You say your premise is a “perceived radical project in the Global North that would be fortified by these ideas . . . The thinkers in the book are rooted in critical and contrarian lineages of the Marxist tradition.” Why would that work now, when it hasn’t in the past? What is different that might allow it to take root?

Re the theme of commodification, you say, “the answer to the crises of nature and capital lies in public abundance replacing private wealth.” Can that take place gradually (are there current examples?) or must it be preceded by a revolution of thought and action? History would indicate it generally requires a great leader and communicator. Any on the forefront?

Punt!

Sasha Lilley: T, thanks for these questions (and sorry for the lag in catching up with them). Various contributors to the book suggest we are living through the fourth global crisis of the capitalist system. What makes this the fourth? The first global crisis took place in 1870-1880 and led to the further expansion of capitalism globally. The second was the Great Depression, which led to the opposite effect: countries putting up tariffs and limiting foreign investment and trade with each other. The third was in the 1970s, the resolution of which involved the expansion that came to be known as neoliberal globalization —which ultimately led to the crisis of the last several years.

When I wrote in the Introduction to Capital and Its Discontents that “the idea of organizing for a postcapitalist future commonly seems delusional,” I was taking issue with such thinking. The thrust of my argument is that we have been living through such pessimistic times for so long, that those of us on the left have internalized the notion that the world couldn’t be organized any differently. As I mentioned there (referencing a quote that is often attributed to Fredric Jameson), it’s become easier to imagine the end of the world, than the end of capitalism. I think we need to resist such thinking.

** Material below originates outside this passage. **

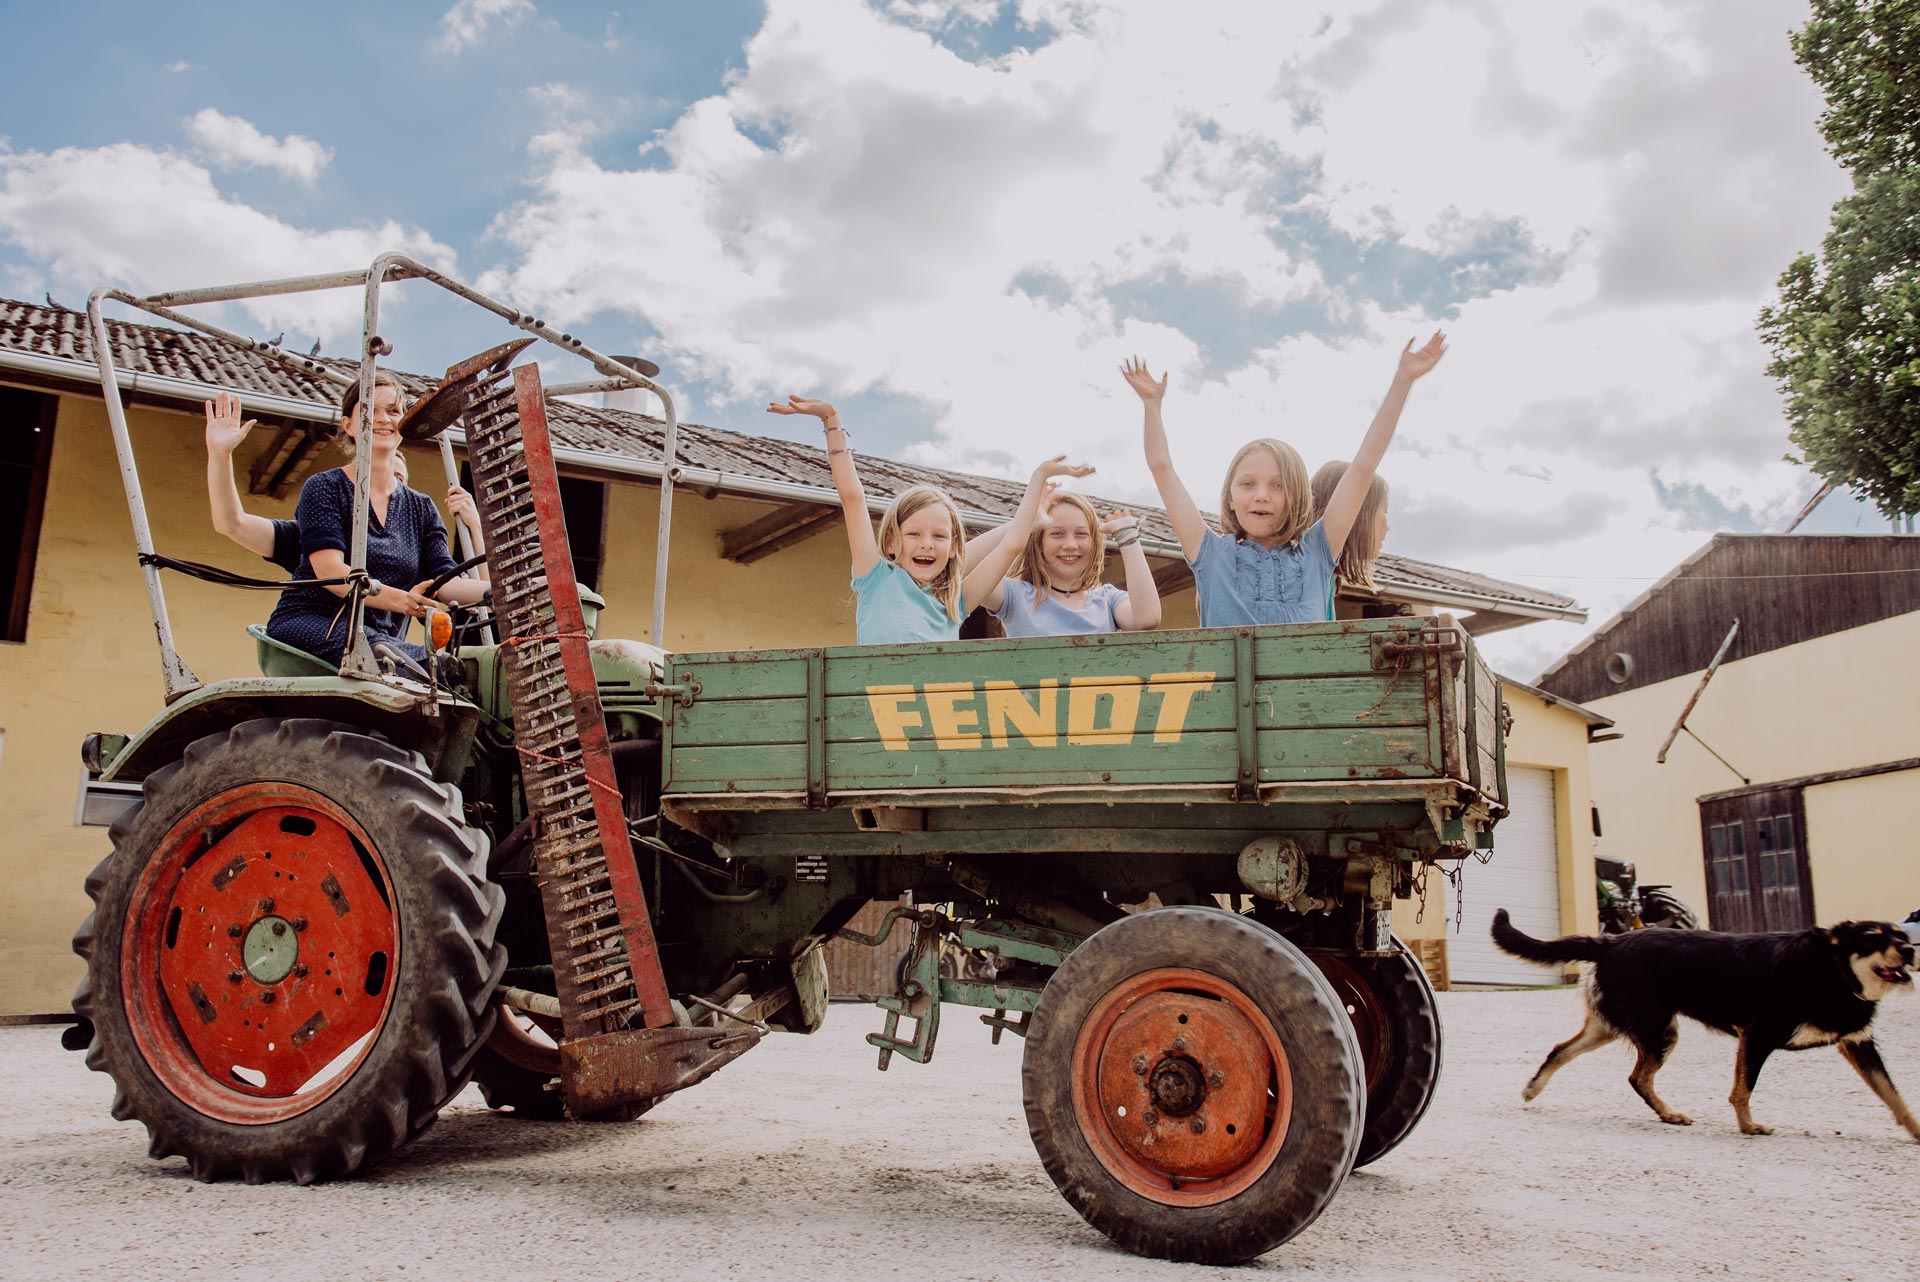 alter Fendt Traktor mit fröhlichen Kindern

I’m arguing for the unfashionable notion of reengaging with transformative or utopian thinking, in the broadest sense of that word. That means thinking differently in all sorts of respects, including within the radical and Marxist traditions, which give us wonderful tools for understanding capitalism. In answer to your question, I do indeed proffer this book as a modest contribution to creating a better world. And that involves very honestly looking at the failures of the Left—why so many radical social experiments have ended disastrously or not endured—without then assuming that capitalism is the only way, or that somehow it’s tied to our basic nature as humans. It is my belief that the failures of the left originated not from an excess of utopianism—as is usually argued—but too little. Whatever one’s perspective, these are discussions and debates that I think we need to have.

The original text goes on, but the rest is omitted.